Alexia L. asks: ““Bwoy! How dem yah nowadays pickney brite so? Weh mek dem nuh undastan she ah nuh everyting dem see big people do dem fi follow?”
People tend to overestimate how smart kids are and how strong the bond is between parent and child. It is always the things you are trying NOT to teach them that they learn the quickest.
It always surprised me why some parents were so amazed or distraught at some of the things that kids pick up on readily. It apparently slips their minds that the stuff that kids SHOULDN’T be picking up on are the EXACT things that the kids are most attune to.
For example, I was catching up with Ms Anwar recently and she told me about how her little toddler was acting up at school. The teachers had mentioned that the little one was being a bit more aggressive and displaying a bit of an attitude. So mom sat down and started looking into reasons why the youngster would be acting up this way. Sure enough, after some soul-searching she realized that the little one was mimicking someone’s behavior – her mom’s. Yes, mom was going through some recent stress and unbeknownst to her, the little one was somewhat empathizing with her mom – to the point where she was acting out a few of her mannerisms. luckily, mom made a few adjustments and the toddler is back to her old self again.
That’s why sometimes when I see a parent or caretaker going in on a child in public and you listen to what they are saying you cannot help but wonder: what is the child taking from hearing you kvetch about stress you’re going through?
There is no reason to be saying half the stuff I hear some parents say to their kids. Sometimes I have to wonder if they don’t have someone else that they can vent to and not have the kid trying to figure out what is going on – “why I am getting chewed out to the Nth degree over something as simple as not tying my shoelaces or making us late for the bus”? There are times that the child will think that they are the sole cause of all these issues they have no understanding about and run the risk of taking on baggage that clearly doesn’t belong to them with serious consequences.
While it’s hard enough to see how overly exposed baggage or stressors from parents can impact smaller children, it becomes even more difficult to detect as the child ages. Remember, kids are watching and learning from us how we talk to people. Therefore, whatever your communication style is (assertive, passive, passive-aggressive, aggressive) that’s the first style the child will take in. If yelling and screaming and degrading someone is the way you get them to do things for you, what approach do you think that the child is gonna take?
One thing I used to hate as a child – and got my ass whopped a few times over it – was the ““yuh ah pickney, yuh nuh know nothing.”

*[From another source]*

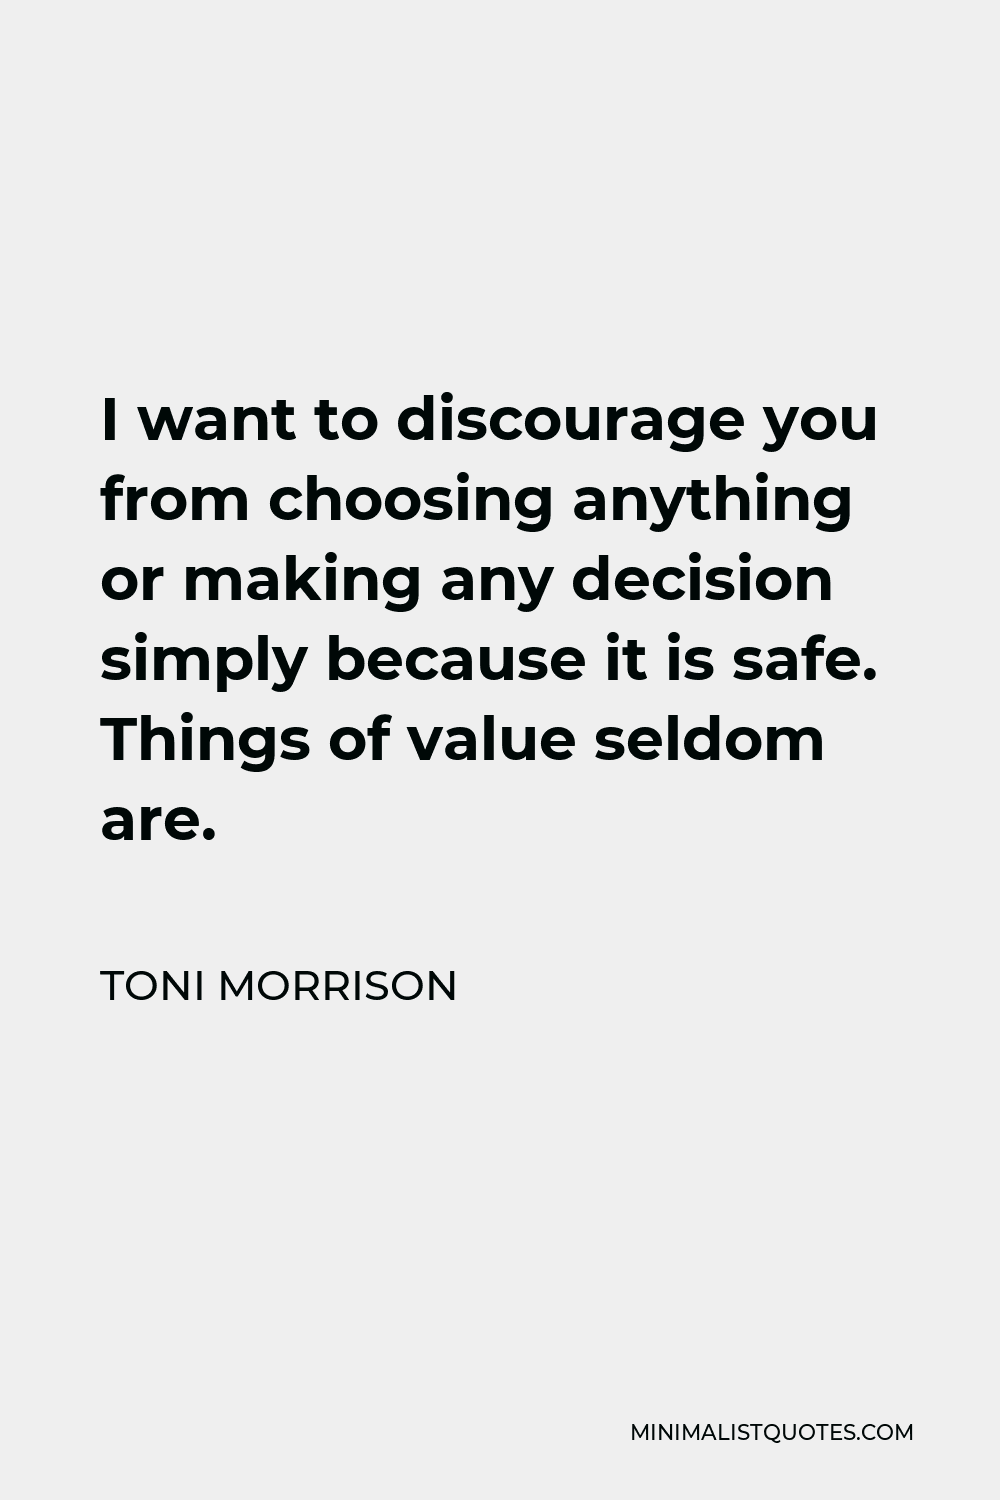 Toni Morrison Quote - I want to discourage you from choosing anything or making any decision simply because it is safe. Things of value seldom are.

I remember having a cousin who was pretty emotional whenever she was under stress. I did my best to try to comfort her, but she always looked at me and gave me the line: “dis bigga dan yuh.”, or “yuh ah pickney, yuh nuh know nothing”. So I learned that when she started to look stressed, I stayed away. Then one day something really stressful happened and everyone was surrounding her, trying to comfort her to no avail. So eventually I walked over and said something that was able to calm her down – to the amazement of all, especially my crying cousin. Someone said to me in that moment: “wow, I didn’t know you could speak like that. To which I replied ““ah nuh all di time pickney nuh know nothing” and walked away.
If a child sees a parent in distress, their natural instinct is to try to do something to help. The worst thing a parent/caretaker or adult can do is dismiss the sentiment behind that. In doing so, one of the messages you tell the child is that you don’t value what a child can do for you in times of distress. They also don’t learn how to respond appropriately to others during times of grief, sorrow and great adversity.
““Do as I say, not as I do” can make a very lasting impression on a child, and often the impression left is not the one the parent intended.
Sometimes parents don’t know what to say to a child trying to offer them comfort. Maybe the stress is just too much that they don’t want to break down in front of the child and add comforting them into the mix. Perhaps the situation touches on something that the parent is just not in a space emotionally to address the questions a child may have. Whatever the case may be, sometimes all the kid wants is to know that you’re OK or you will be – the best way to do that is some sign of reassuring affection.
Kids are not stupid, no matter the age. More and more they are proving us right in that we have to watch what we say to them and around them. As a wider community responsible for looking after the next generation, we should give them a voice and teach them what they need to know, and try to show them “Do as I say, not as I do – because from time to time I can make mistakes to” is a big part of what it means to be human.